On pizza, guanciale and wine

I never know what wine to drink with pizza. I have had a long fondness for beer with my pizza, but generally only draft beer, for reasons I cannot explain except that I drank a lot of draft in West Philadelphia, Princeton and Highwood (Ill.) bars with pizza in the 1980’s and 1990’s. The beer wasn't usually very good (Rolling Rock, Stroh’s), but then neither was the ‘za (an old Nassauian bit of slang, that); still, they seemed to do well together. (The Blatz dark at Buffo’s in Highwood especially so.)

But when confronted with good pizza, I am often at a loss. (I should say right away that none of this applies to Chicago deep-dish pizza, which is a huge favorite of mine and goes well with beer, almost any beer [I like Goose Island or Old Style]; I couldn’t imagine drinking wine with deep-dish.) Good, thin-crust, wood- or coal-oven baked pizza: I love it.
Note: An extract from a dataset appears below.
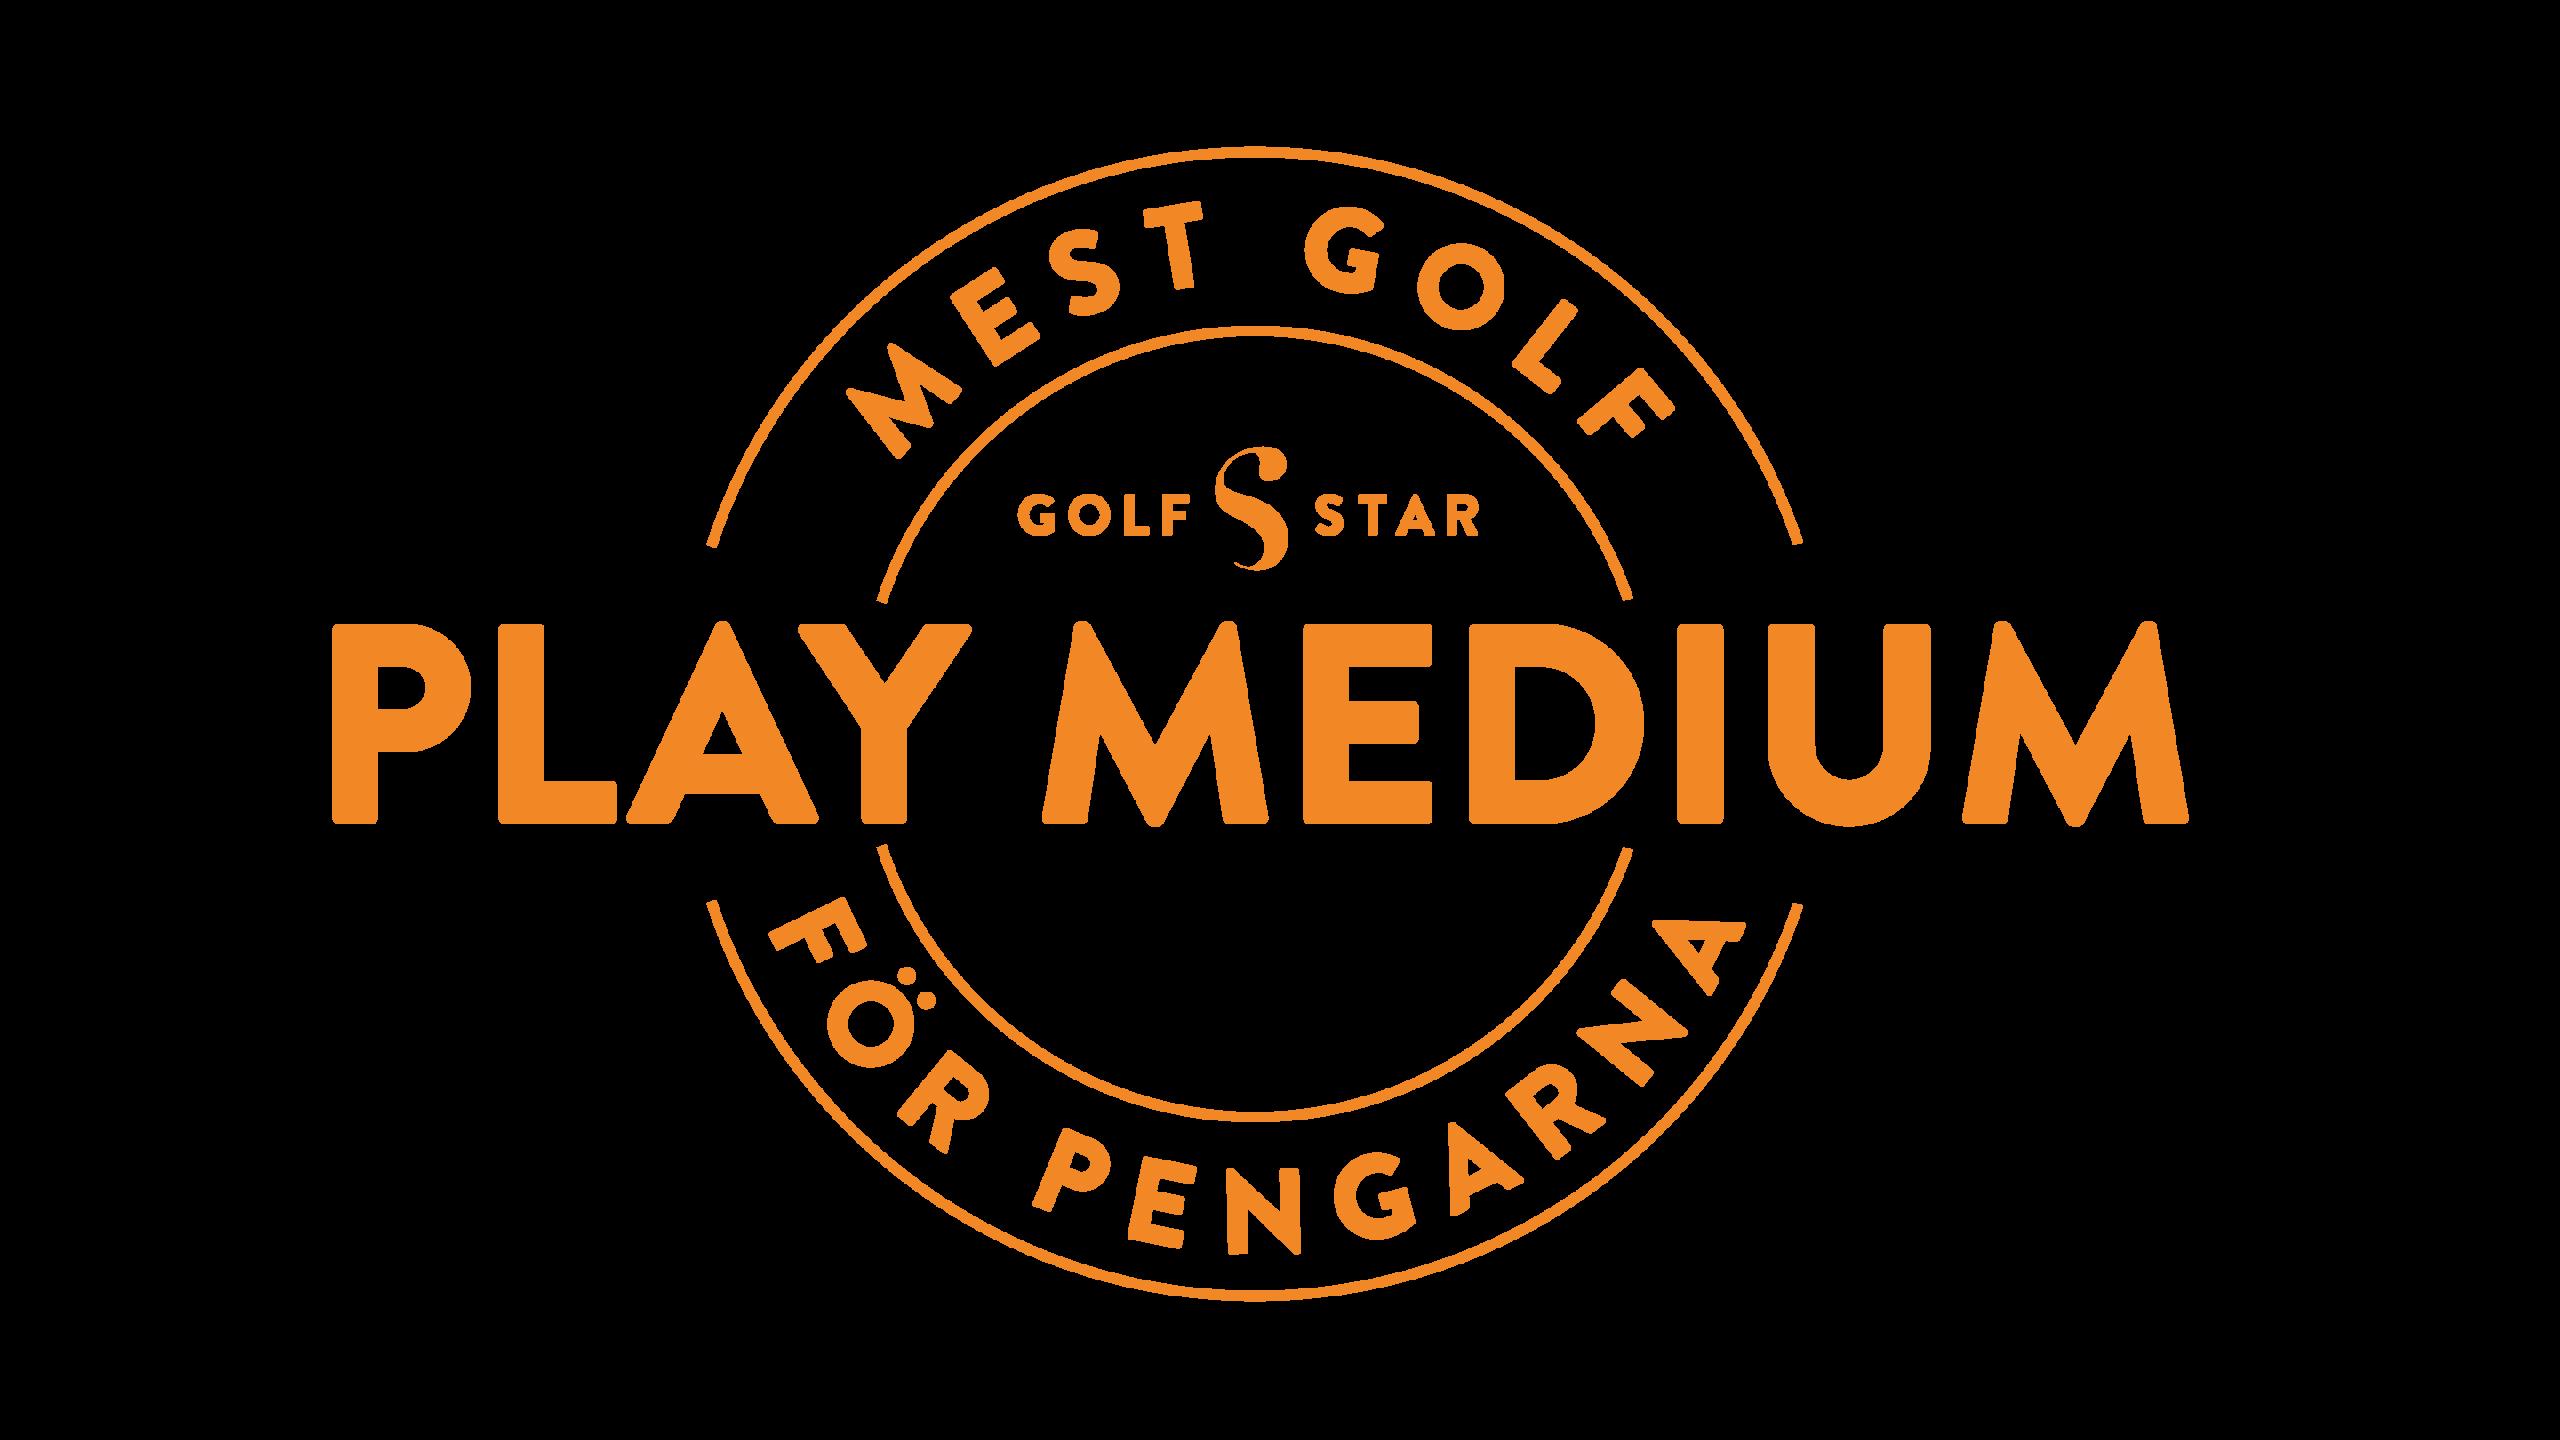 GolfStar Play Medium

What wine goes with it?

I don’t know. I’ve tried Chianti, Beaujolais-Villages, Chinon, Lambrusco, Uruguayan tannat, Cotes de Provence rose, Zinfandel, even cava, and nothing seems to be spot-on. A good lager or pilsner are, but I’d love to find a wine to match.
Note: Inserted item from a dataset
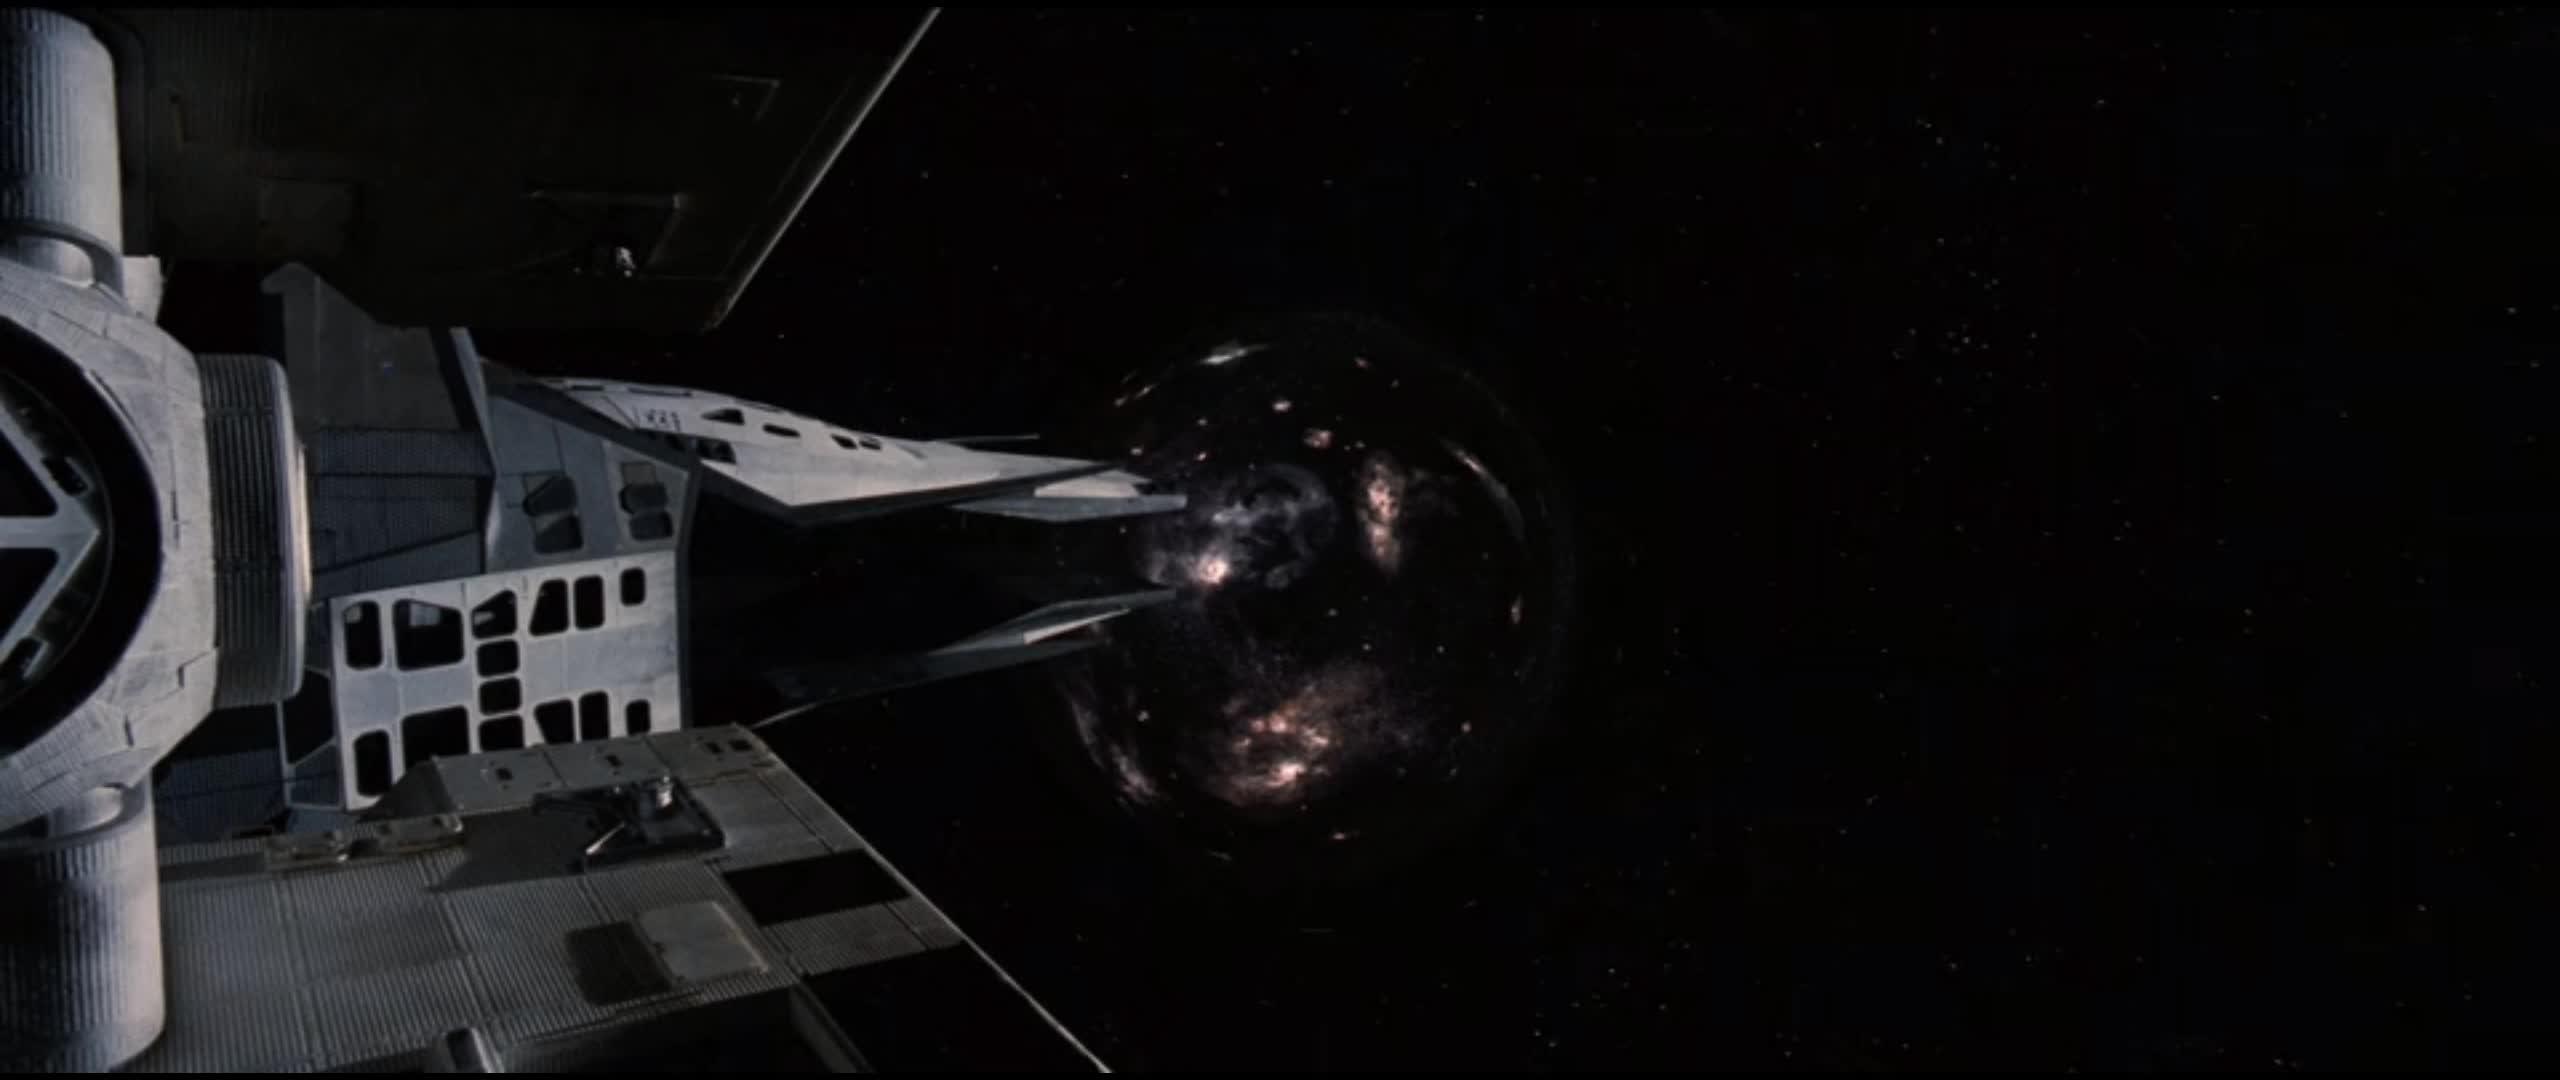 interstellar, space, spaceship, wormhole, Interstellar - Wormhole GIFs

So when confronted with a wood-baked thin-crust pie topped with homemade guanciale (cured meat from the pig’s jowl) and egg in Brooklyn recently, I hoped I had found my answer in a well-aged (2000) Barbera d’Asti from a friend’s cellar.

Verdict: outstanding pizza, good wine, bad match, again. Sigh. Pizza rocked, tangy, spicy, the meat, a real revelation, never had it before, like luxury bacon spiked with cloves, the egg a neat touch, loved the tomatoes and the tangy cheese slathered on the almost-perfect crust (a little soft in the center but the edges, woof).

The wine, from Prunotto, was dark, inky, austere, deep, not a whole lot of fruit, tannic, gripping, dry in that thirst-inducing way Piedmontese wines can be. Together, they quarreled, the pizza’s fresh flavors warring with the wine’s deep austerity. The wine needed mushrooms, or spicy meat. The pizza needed, well, I’d have settled for some of that old Blatz Dark with it, I think. The hunt continues.

2000 Prunotto Barbera d'Asti: **1/2 (at Roberta’s [well worth a visit at the Morgan Ave. L train stop, get pizza, chocolate-amoretto cake and the cheese plate] Bushwick, Brooklyn, 4/2008).